_Task details_: Please transcribe the entries exactly and omit the images they contain.

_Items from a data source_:

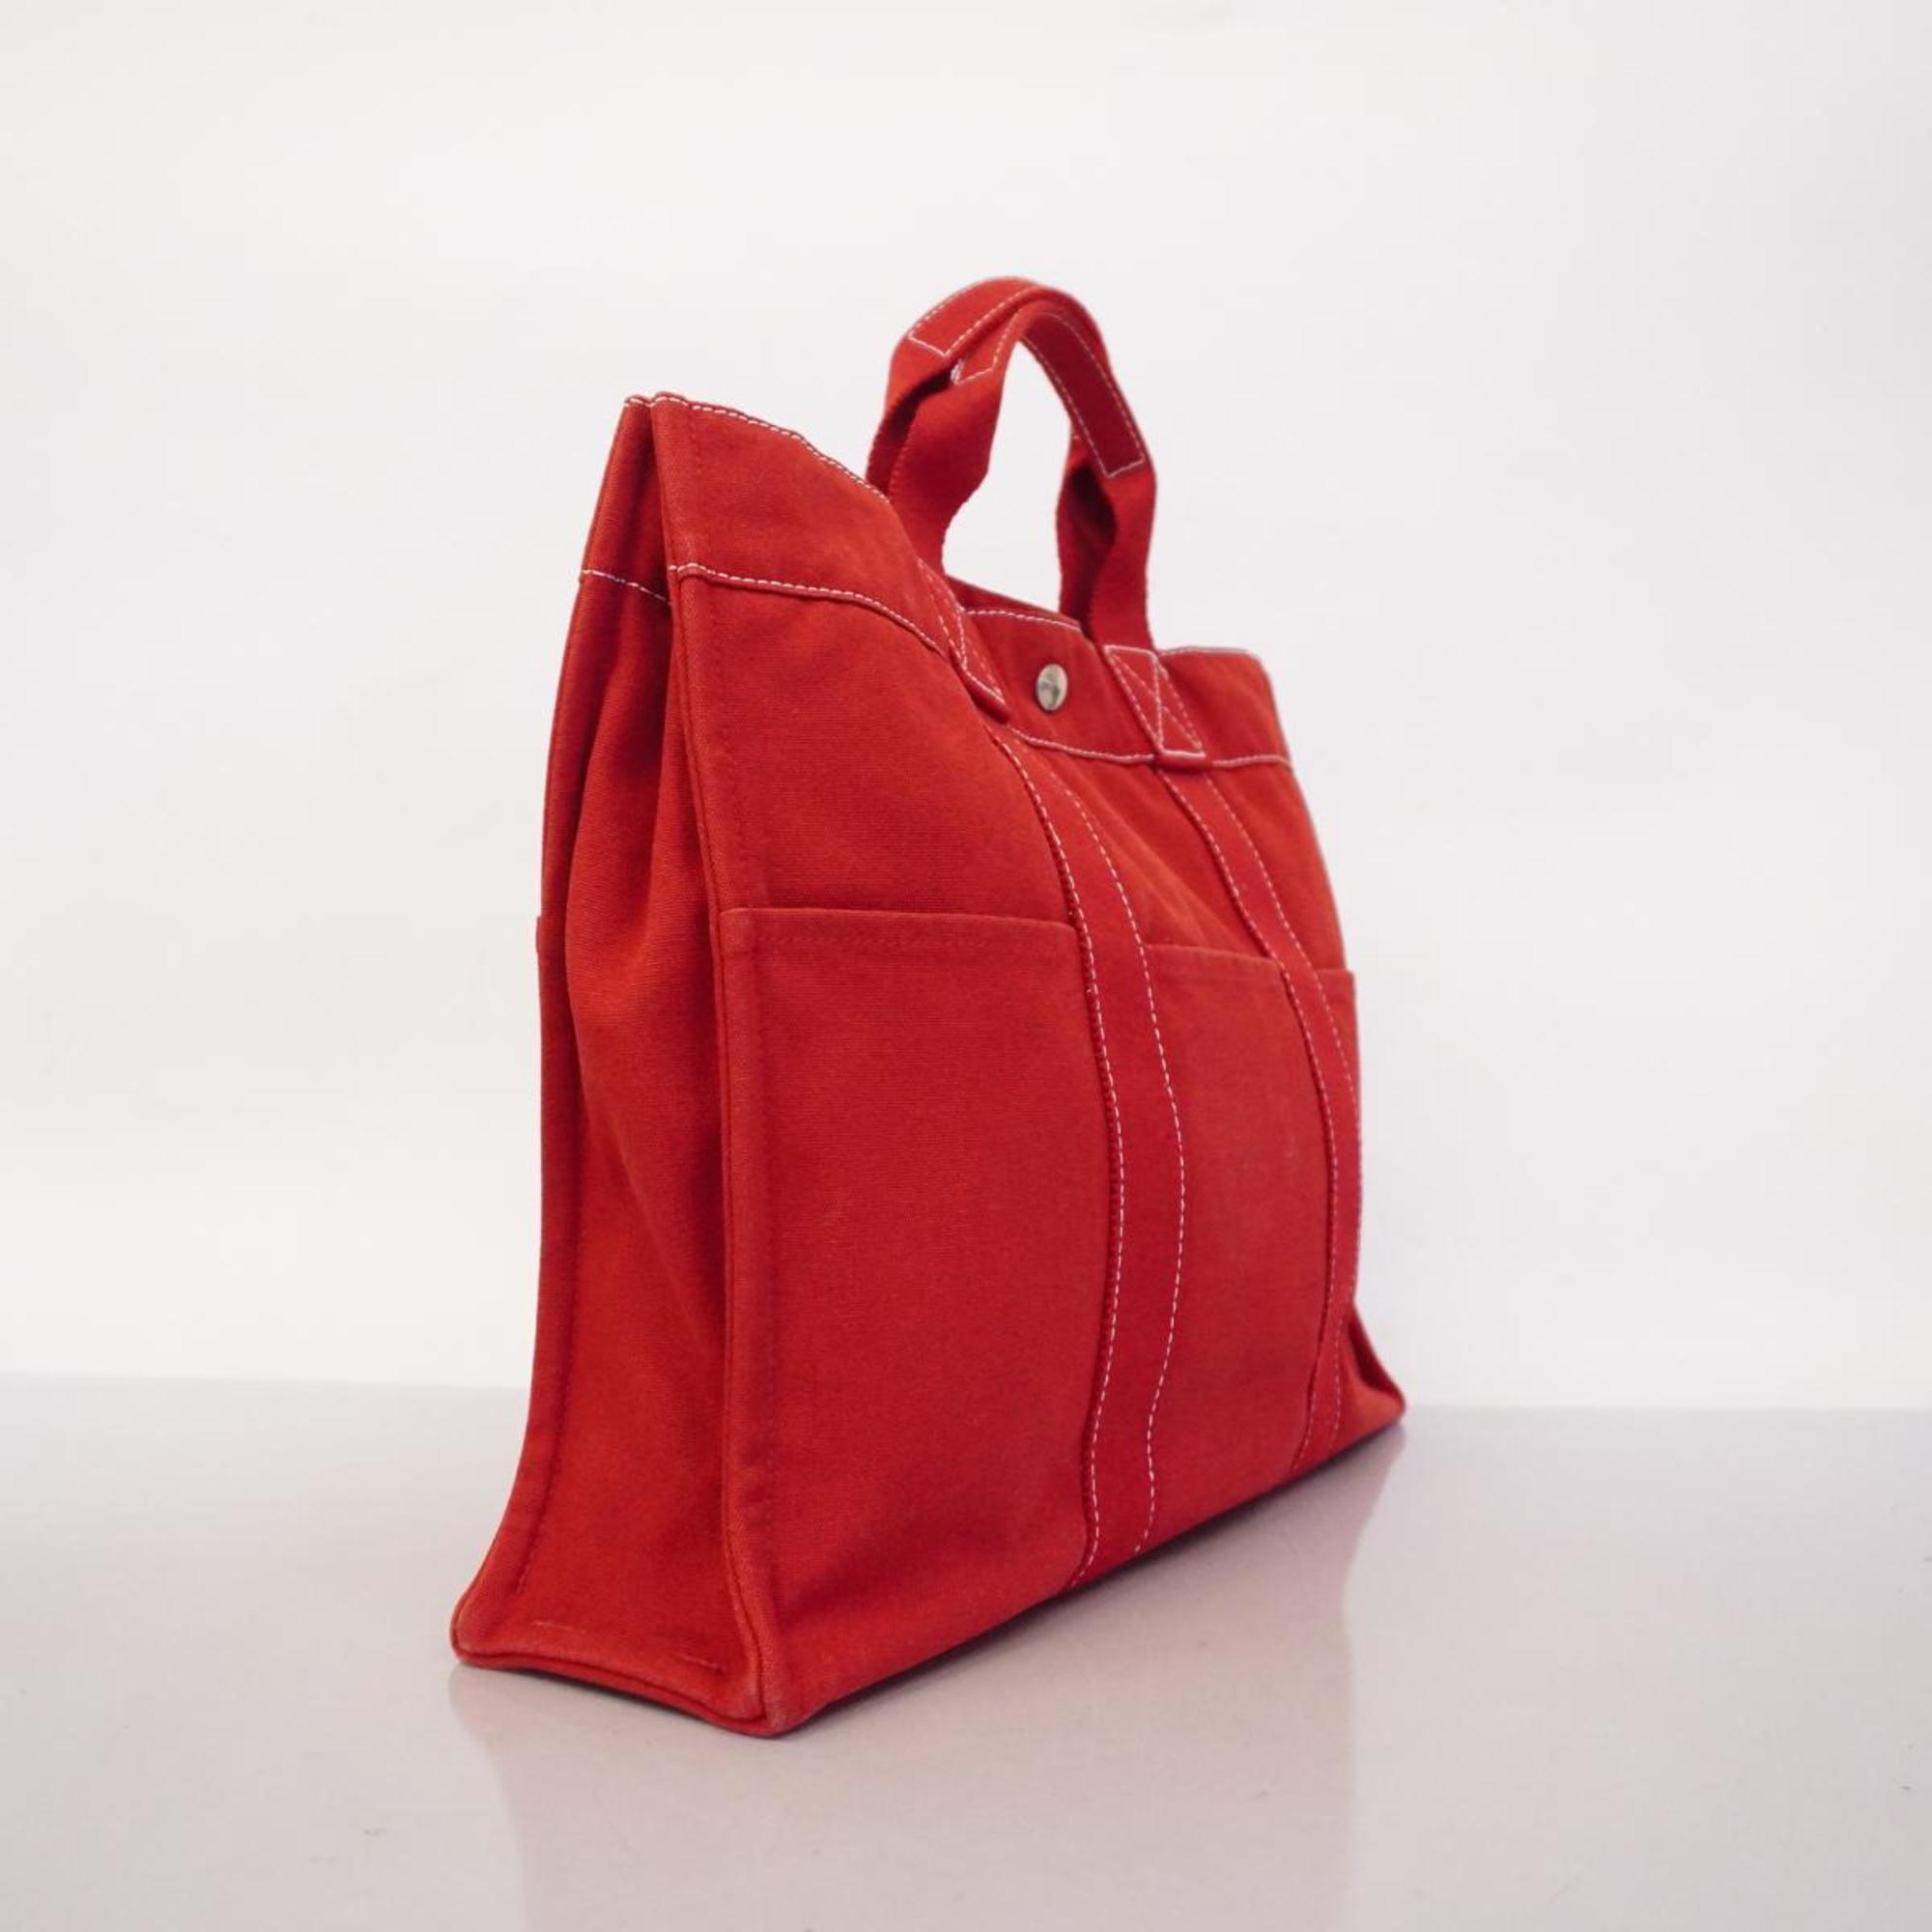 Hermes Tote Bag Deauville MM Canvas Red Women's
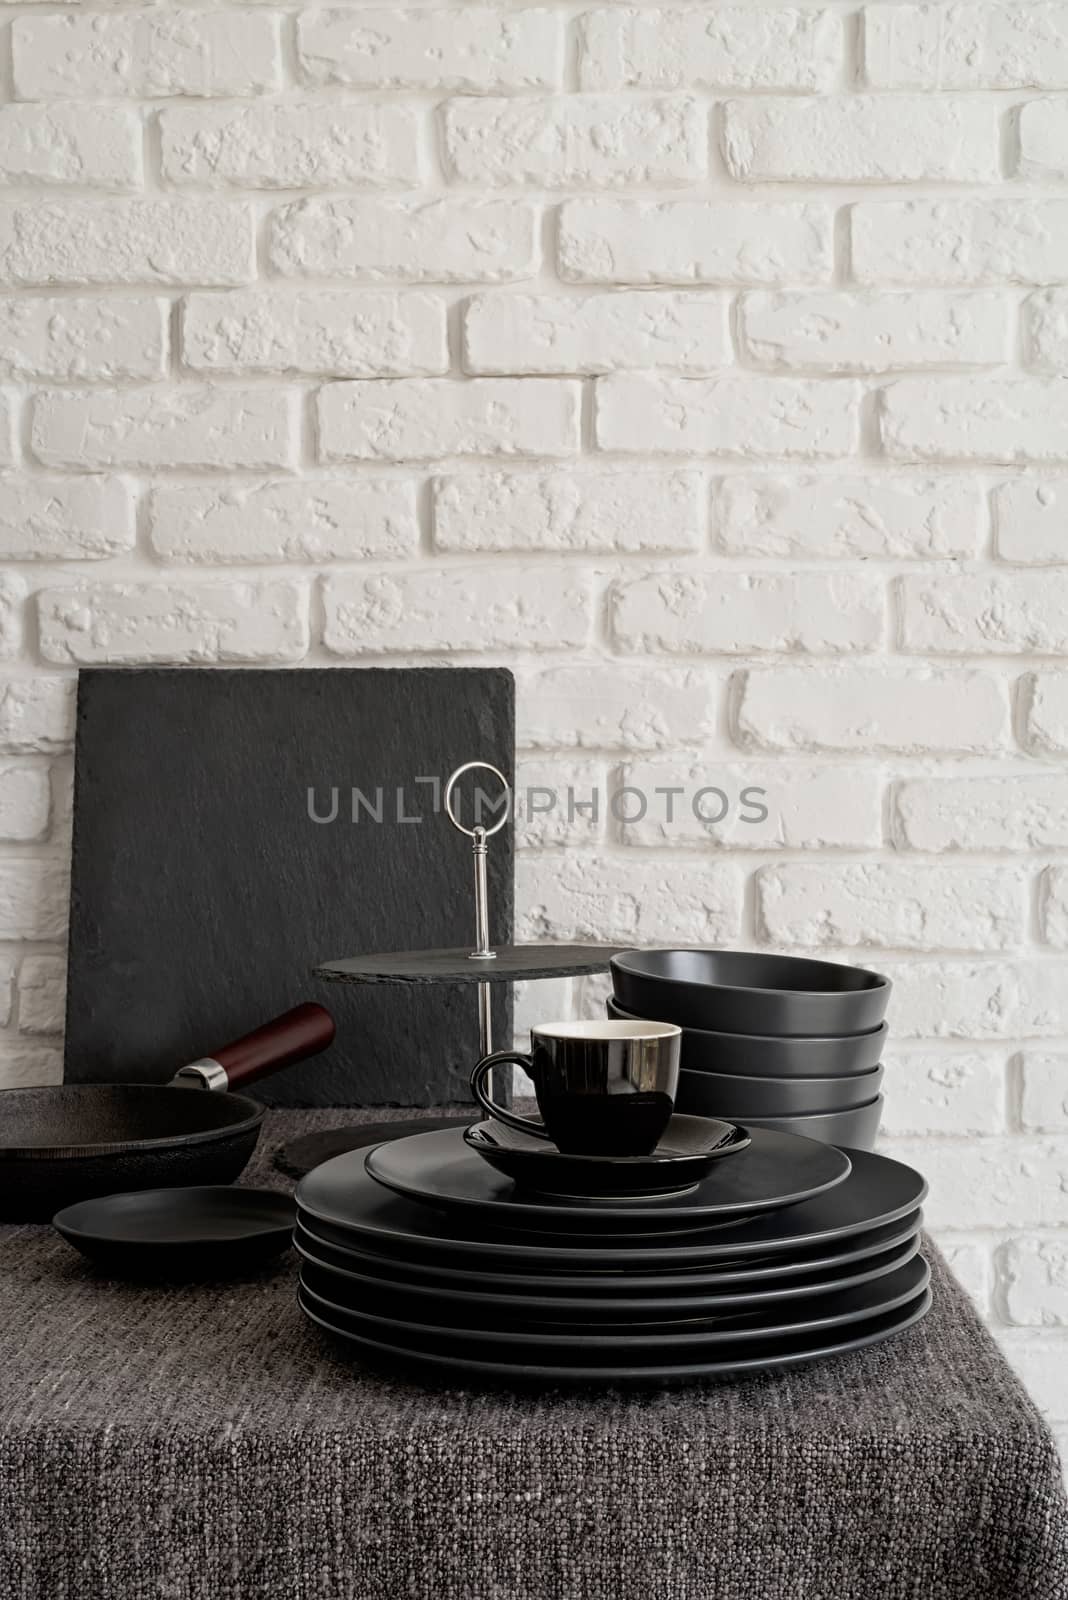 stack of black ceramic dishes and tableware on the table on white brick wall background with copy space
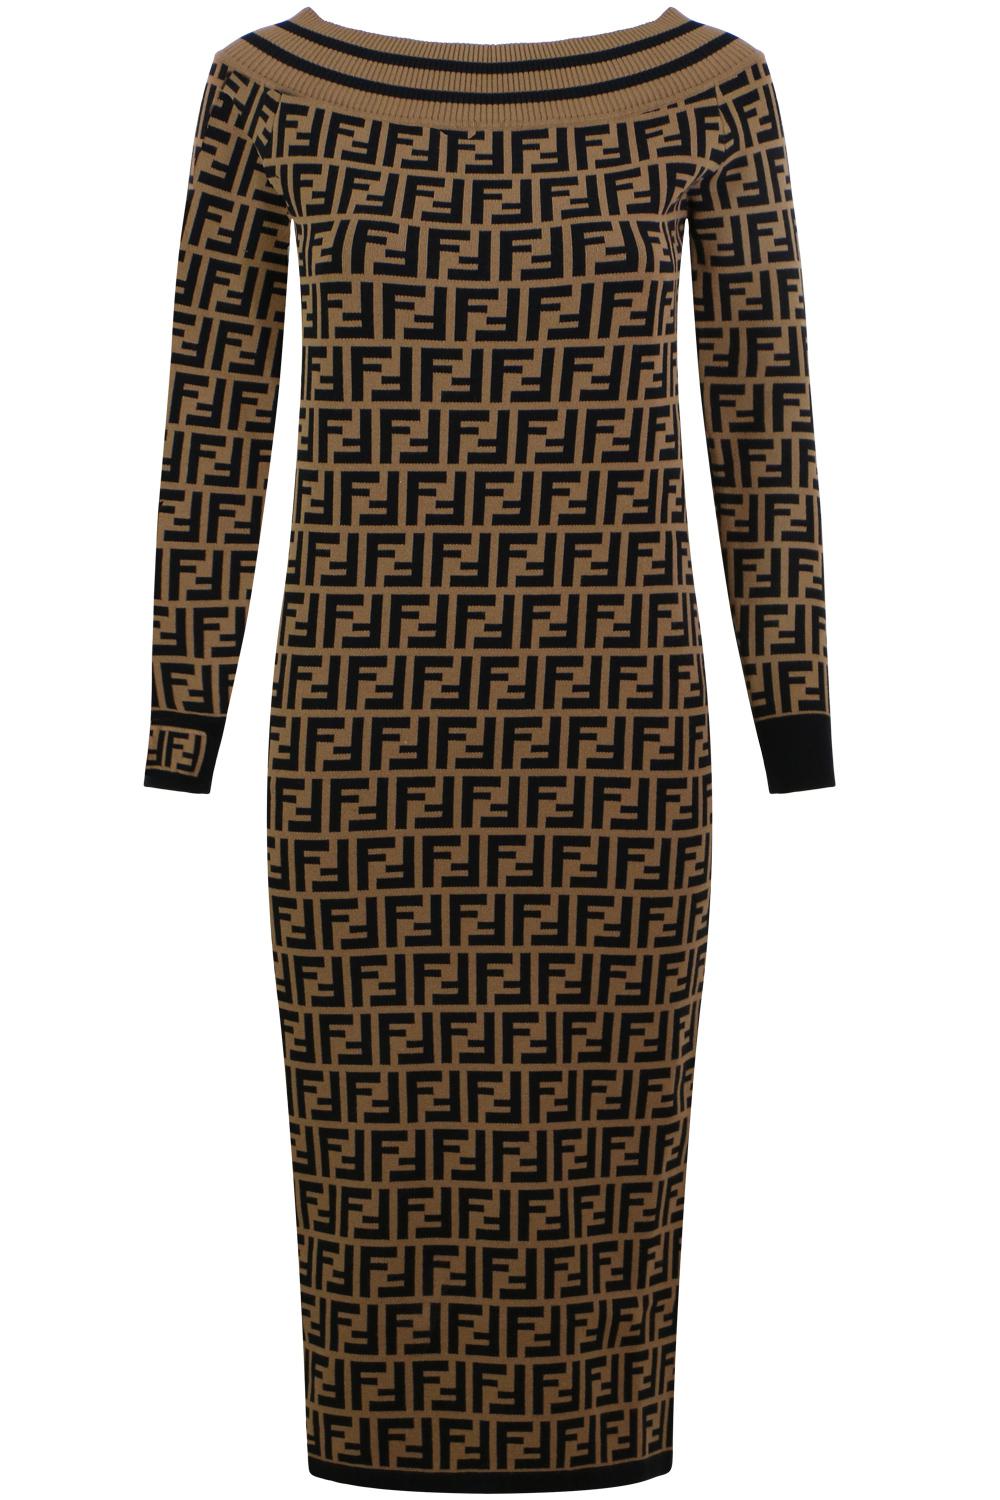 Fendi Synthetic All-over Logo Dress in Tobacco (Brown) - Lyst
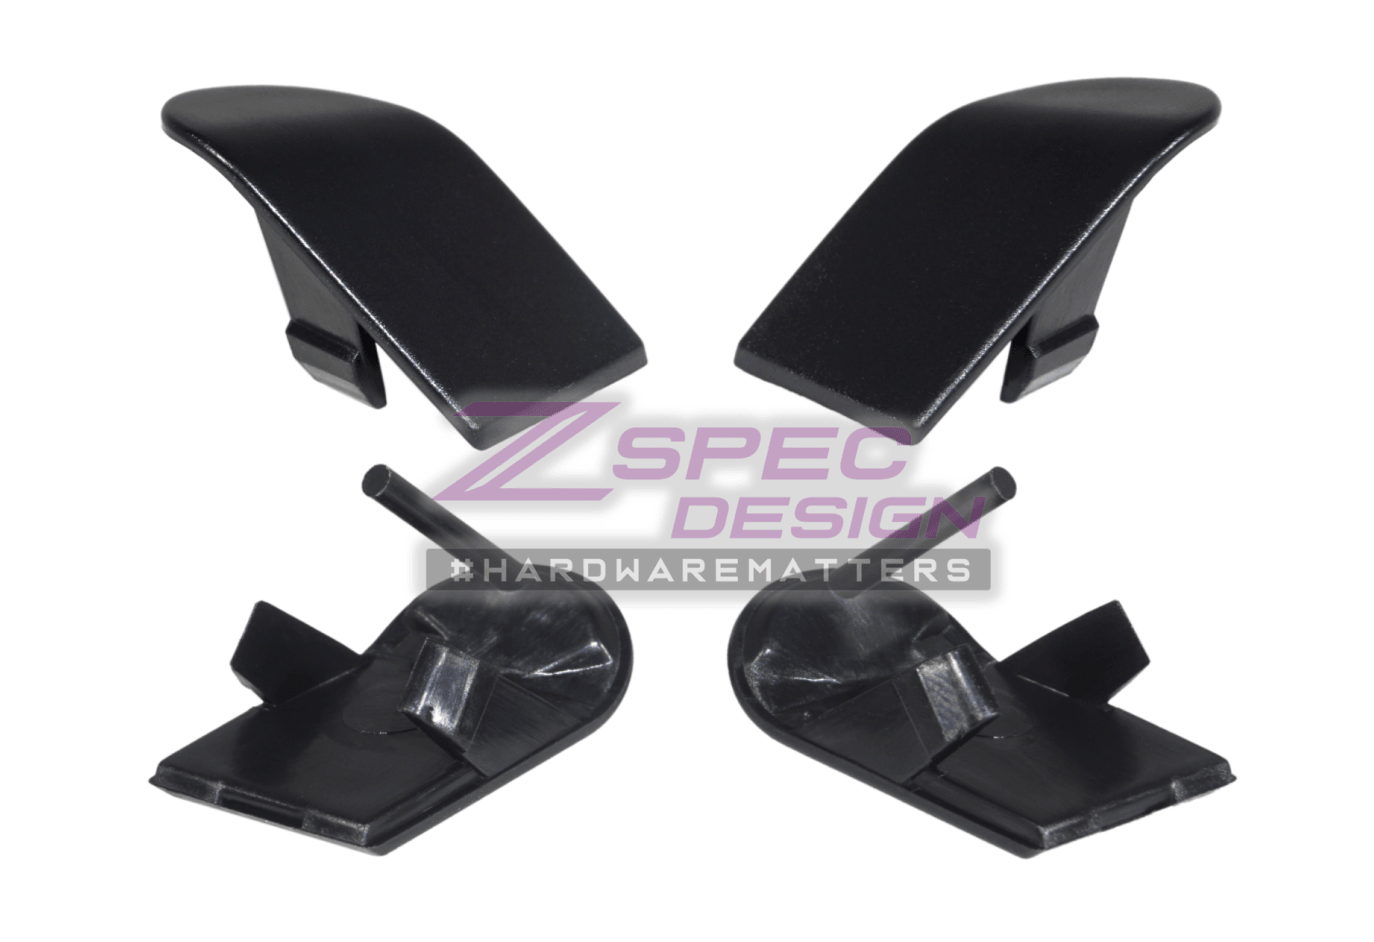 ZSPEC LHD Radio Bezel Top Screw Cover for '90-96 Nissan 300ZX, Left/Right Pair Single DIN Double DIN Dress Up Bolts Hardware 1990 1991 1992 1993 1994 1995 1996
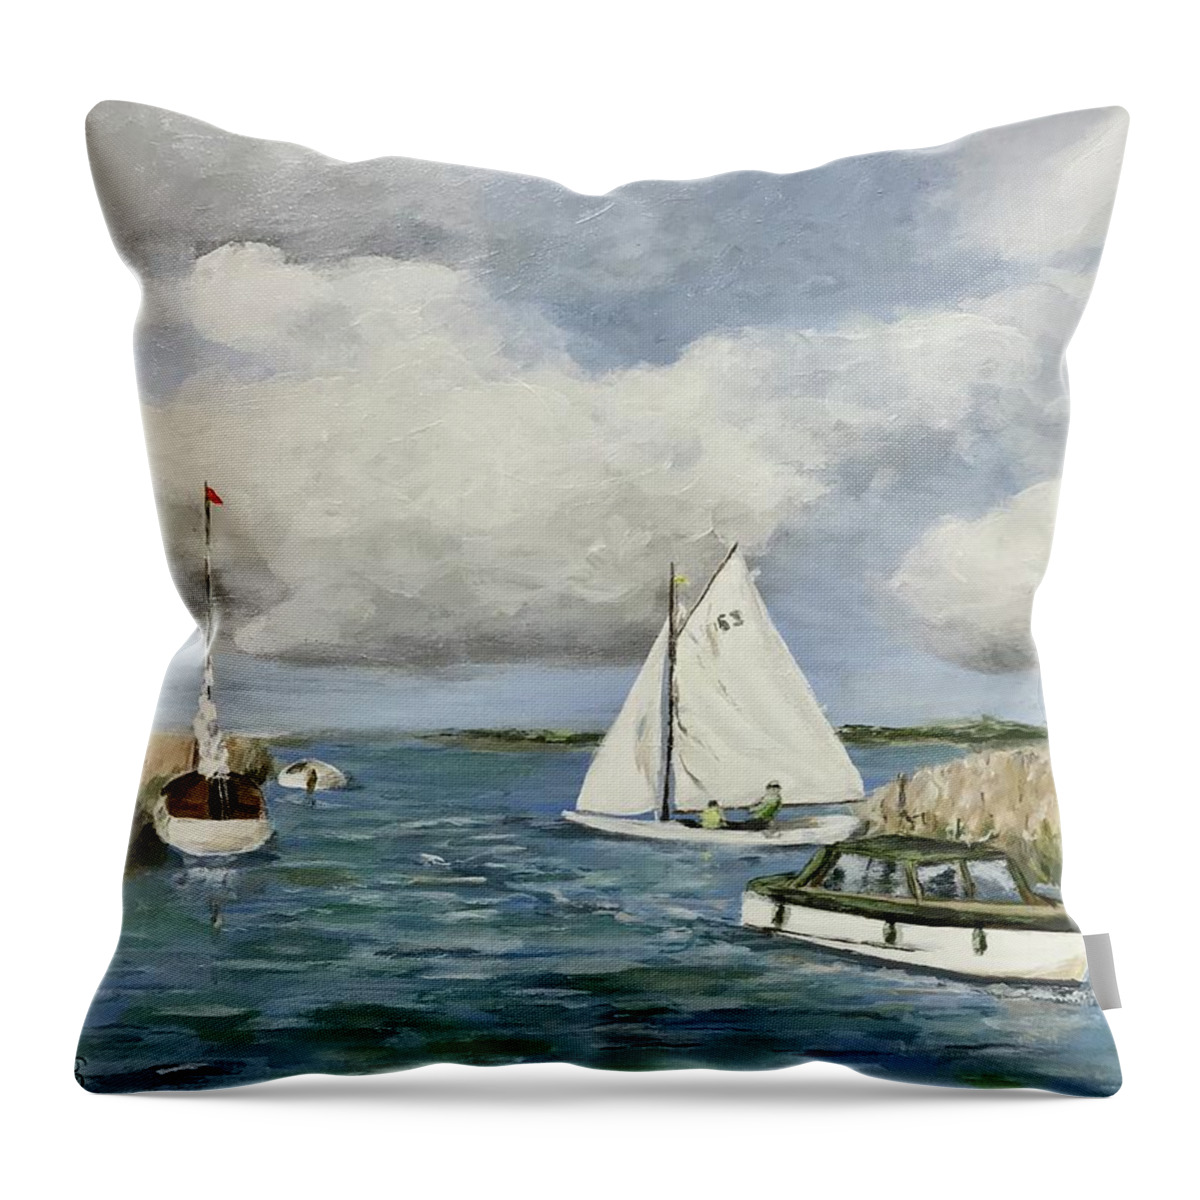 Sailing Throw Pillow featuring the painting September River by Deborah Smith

_Reply to the exercise_:
 Hermes Tote Bag Deauville MM Canvas Red Women's
 stack of black ceramic dishes and tableware on the table on white brick wall background with copy space
 Fendi Synthetic All-over Logo Dress in Tobacco (Brown) - Lyst
 ZSPEC LHD Radio Bezel Top Screw Cover for '90-96 Nissan 300ZX, Left/Right Pair Single DIN Double DIN Dress Up Bolts Hardware 1990 1991 1992 1993 1994 1995 1996
 Sailing Throw Pillow featuring the painting September River by Deborah Smith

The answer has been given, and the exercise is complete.